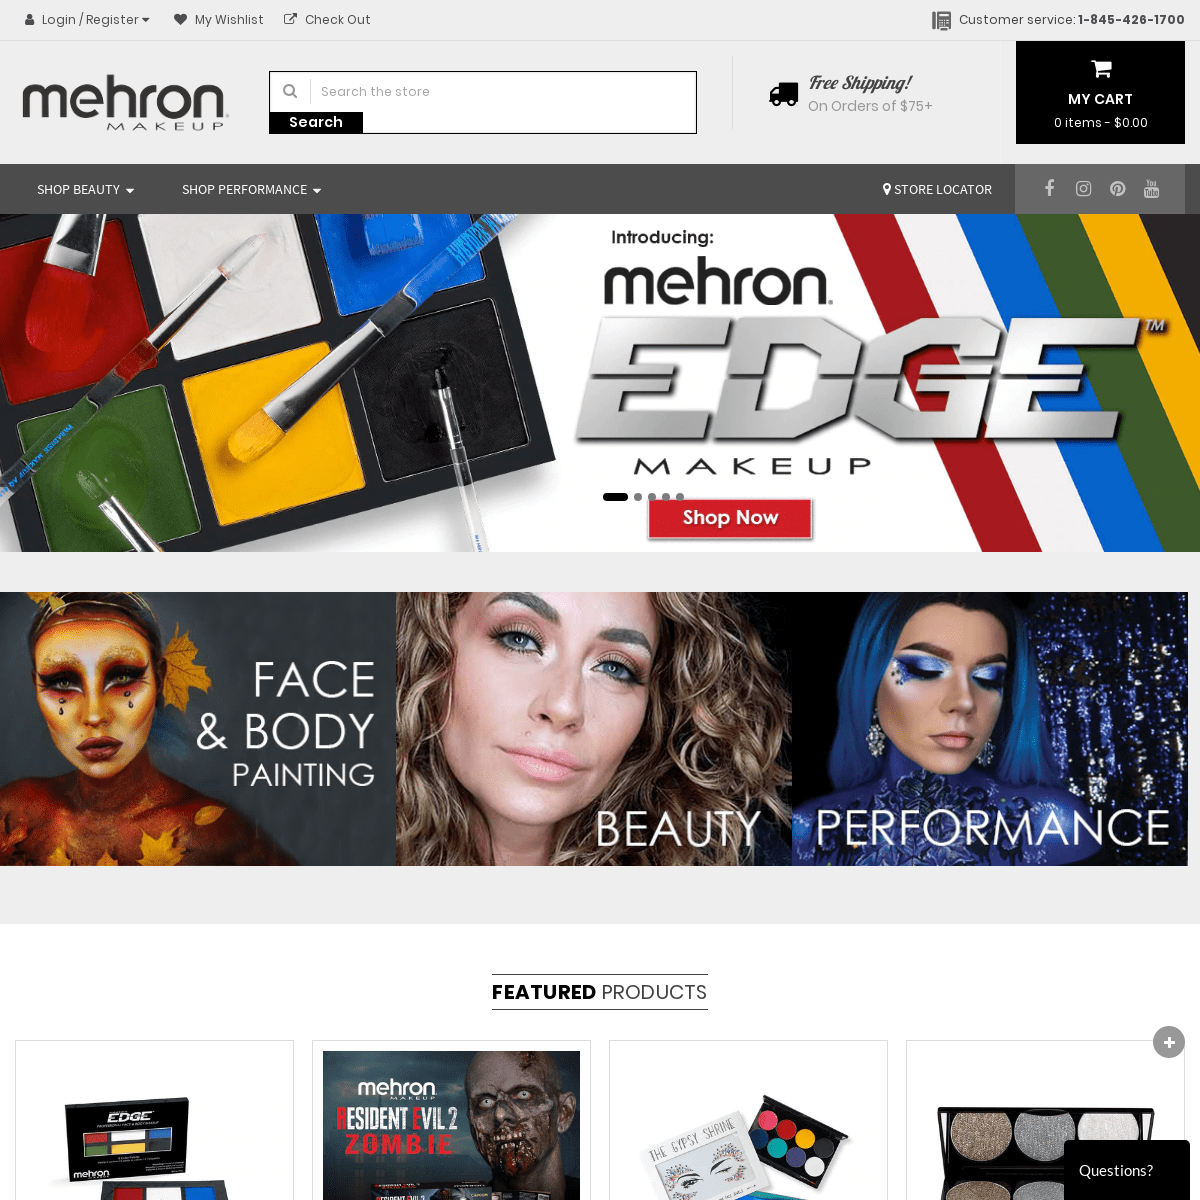 Professional Beauty and Performance Makeup | Mehron Official Site
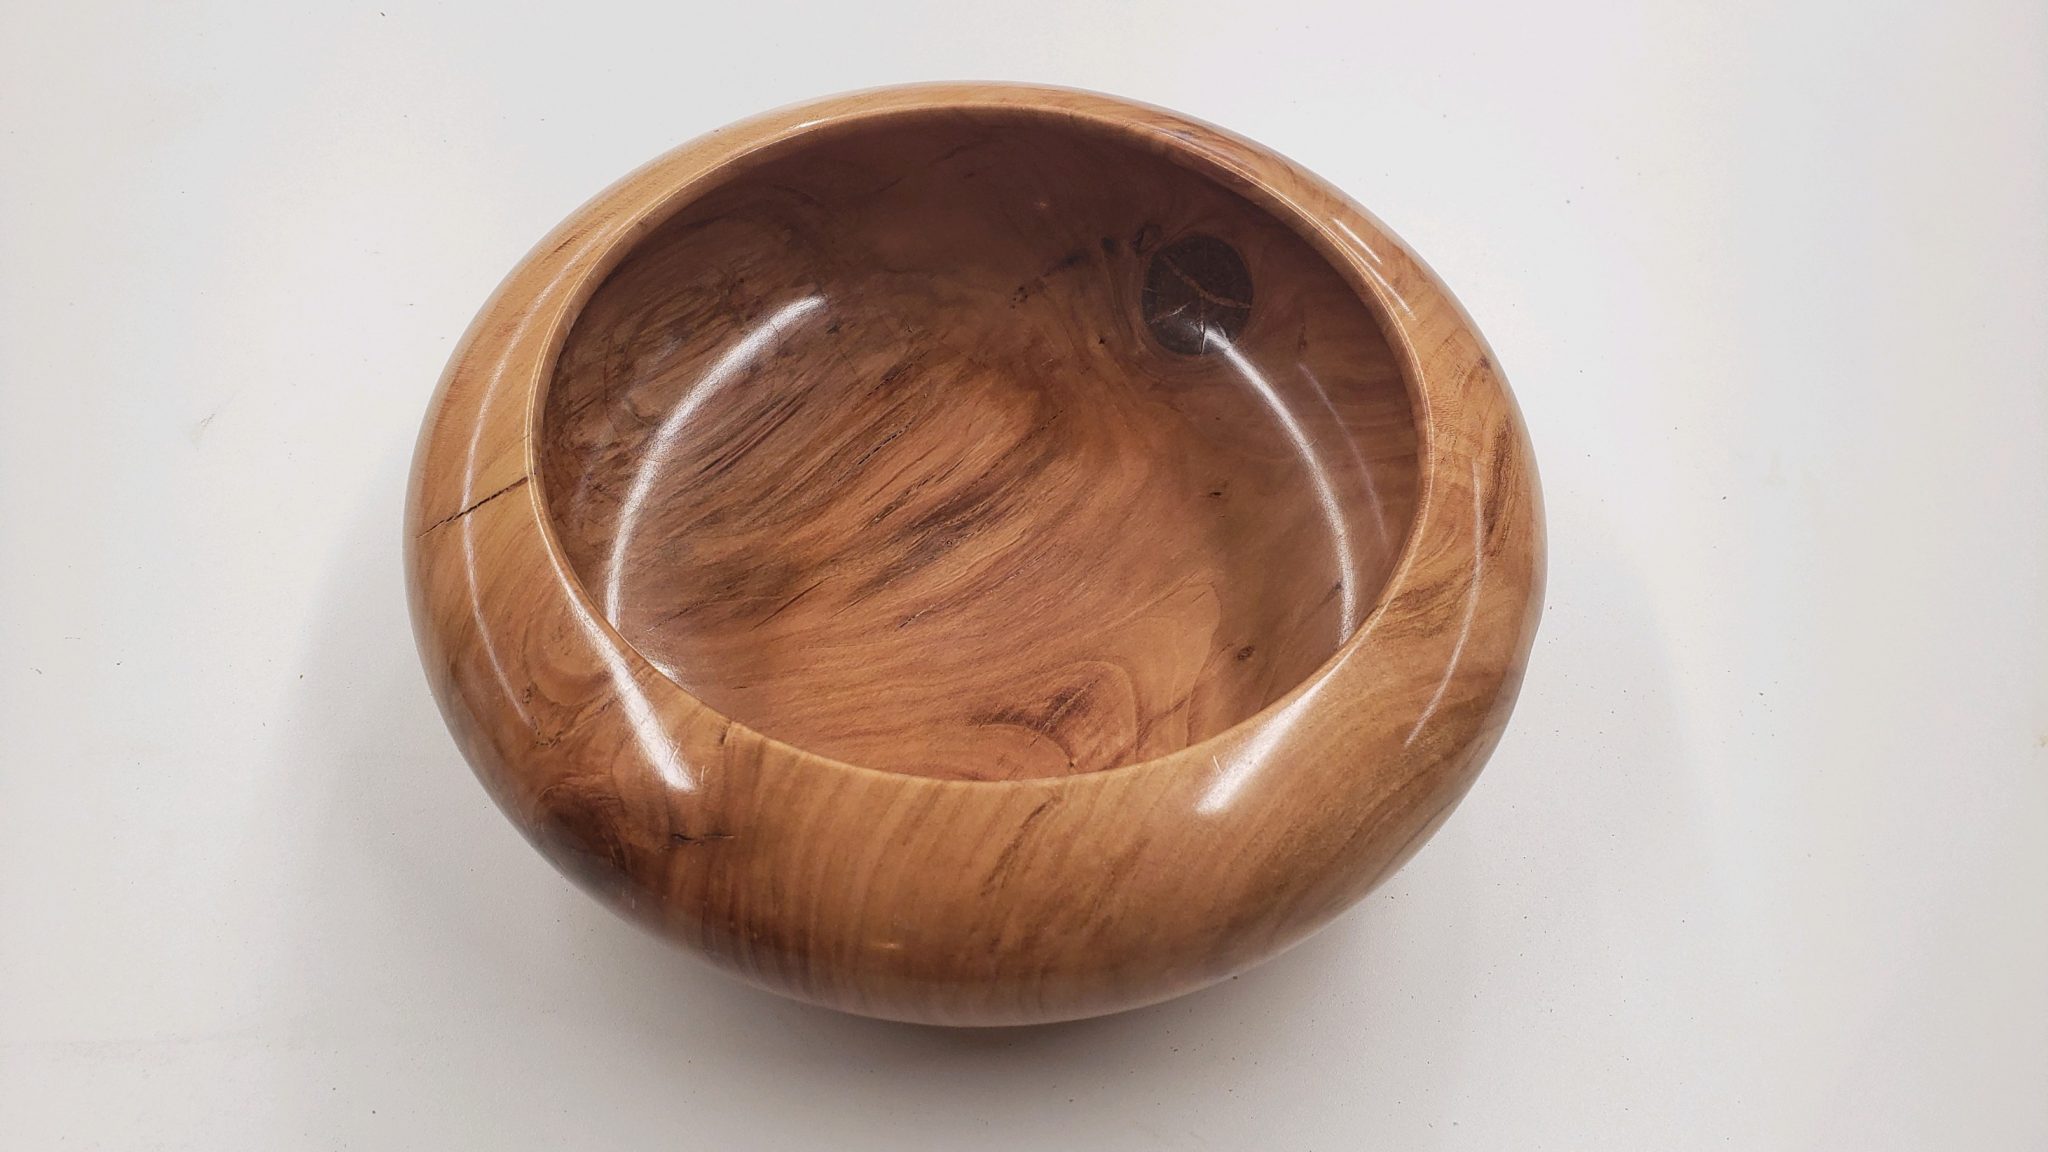 Multiple functional bowls in cherry, pear, and unknown.
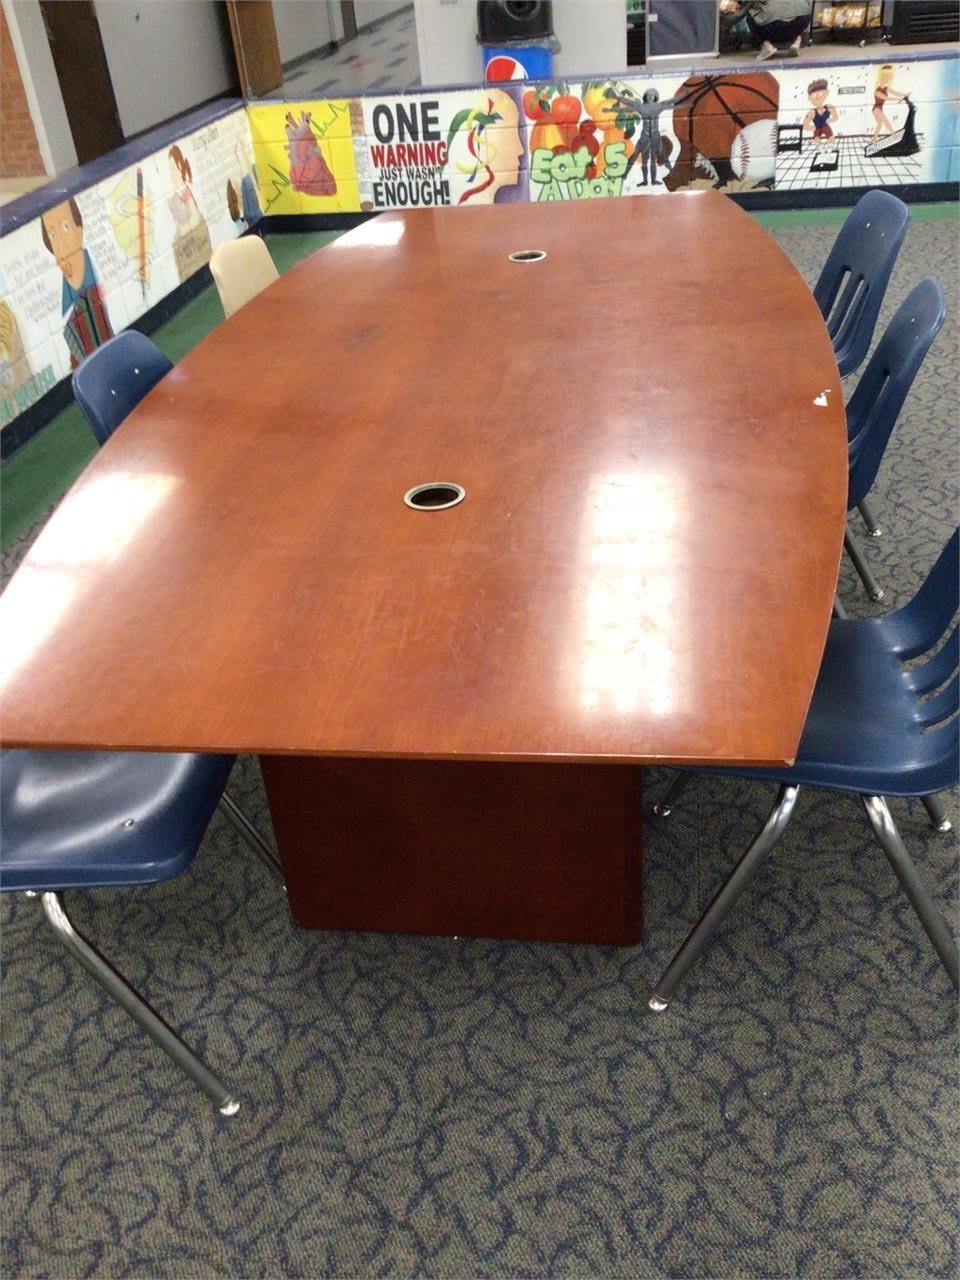 4/23 North Spencer School Corp Cabinets desks chairs
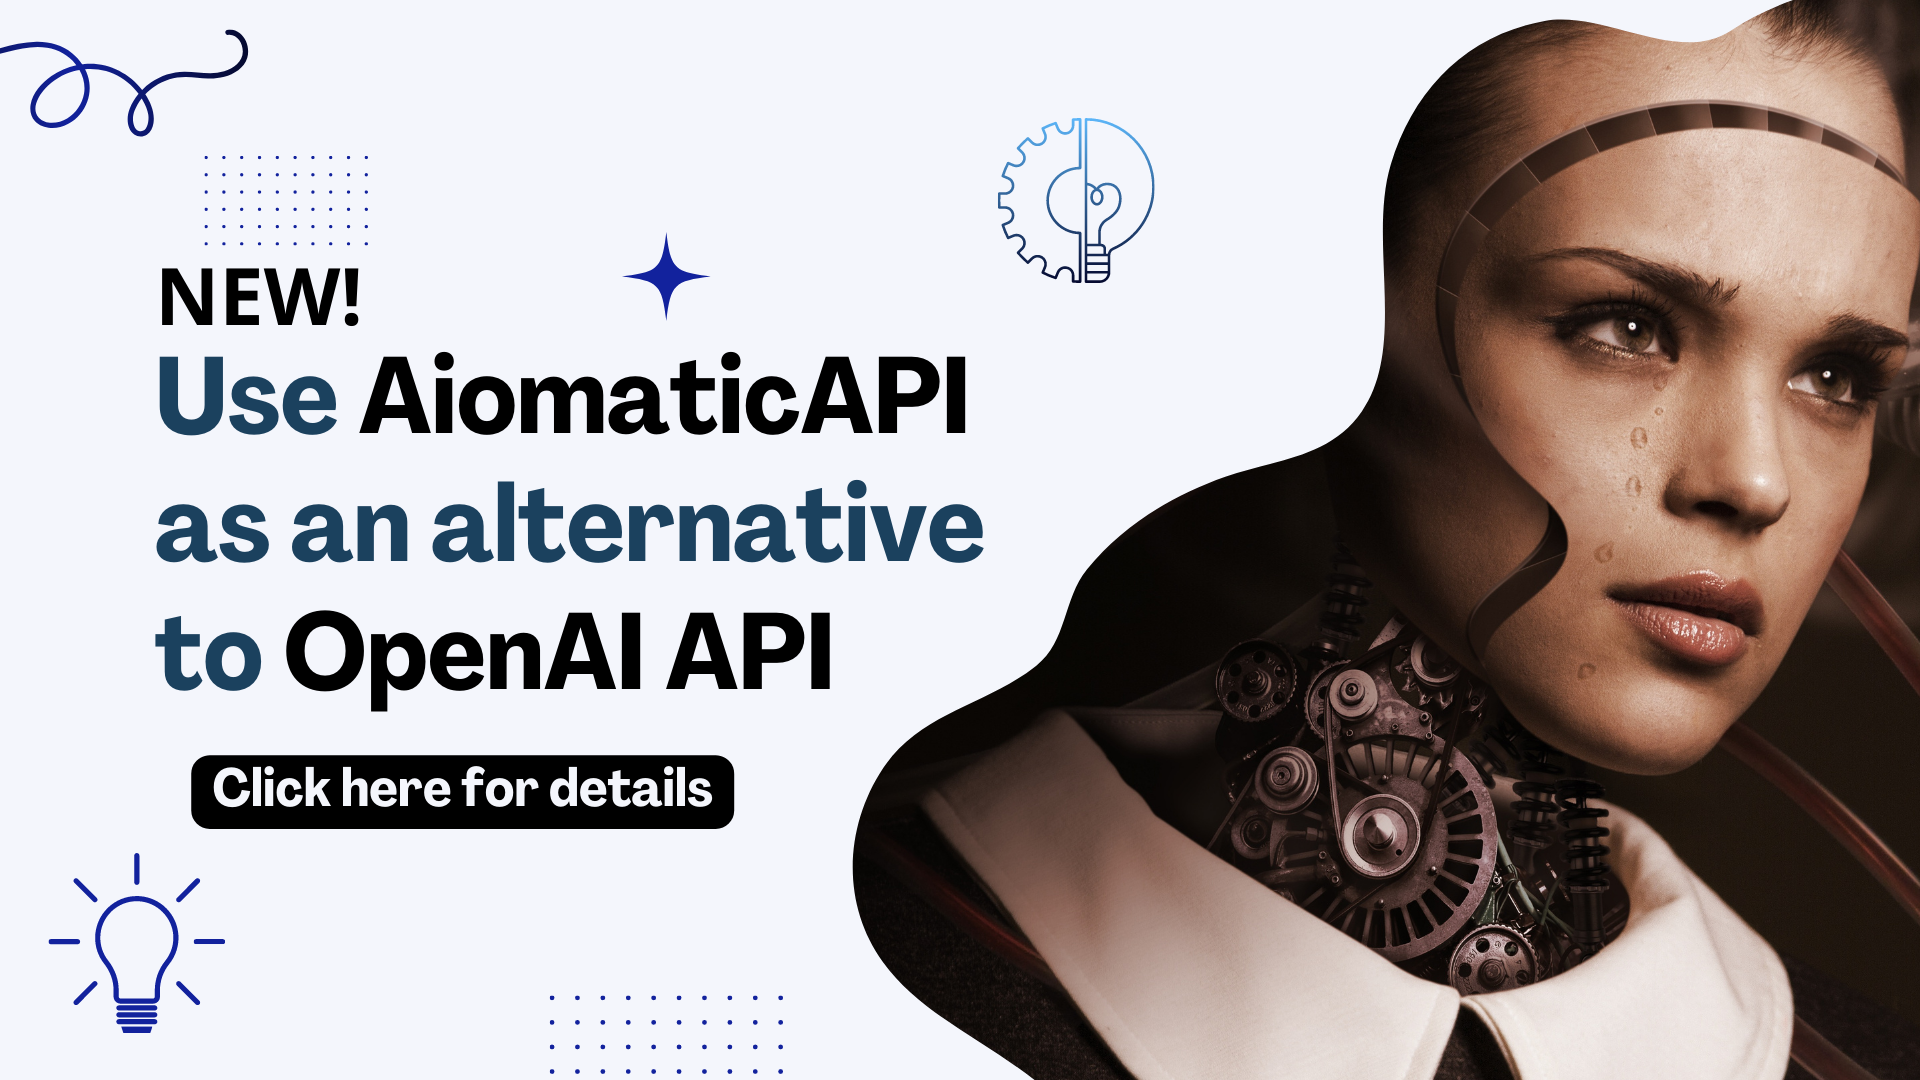 aiomaticapi launched

• YOUR GOAL:
A word-for-word copy of the listing is needed, with no pictures in it.

• SOLUTION TO THE EXERCISE:
 Professional Beauty and Performance Makeup | Mehron Official Site
 Multiple functional bowls in cherry, pear, and unknown.
 4/23 North Spencer School Corp Cabinets desks chairs
 aiomaticapi launched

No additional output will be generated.